___ Provided material ___
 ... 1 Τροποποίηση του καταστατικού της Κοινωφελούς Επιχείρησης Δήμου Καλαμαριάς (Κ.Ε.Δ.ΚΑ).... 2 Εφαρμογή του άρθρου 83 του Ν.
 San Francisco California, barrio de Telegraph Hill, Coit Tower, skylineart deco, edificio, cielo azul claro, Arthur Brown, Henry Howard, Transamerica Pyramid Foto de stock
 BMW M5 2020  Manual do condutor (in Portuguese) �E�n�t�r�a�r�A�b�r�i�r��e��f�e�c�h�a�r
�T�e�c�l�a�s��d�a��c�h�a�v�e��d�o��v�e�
___
■ **Your goal**
Repeat the lines from the one containing "San Francisco California, barrio" through the end of the listing, exactly and without any other lines; both ends are included.

■ **Answer to this task**
 San Francisco California, barrio de Telegraph Hill, Coit Tower, skylineart deco, edificio, cielo azul claro, Arthur Brown, Henry Howard, Transamerica Pyramid Foto de stock
 BMW M5 2020  Manual do condutor (in Portuguese) �E�n�t�r�a�r�A�b�r�i�r��e��f�e�c�h�a�r
�T�e�c�l�a�s��d�a��c�h�a�v�e��d�o��v�e�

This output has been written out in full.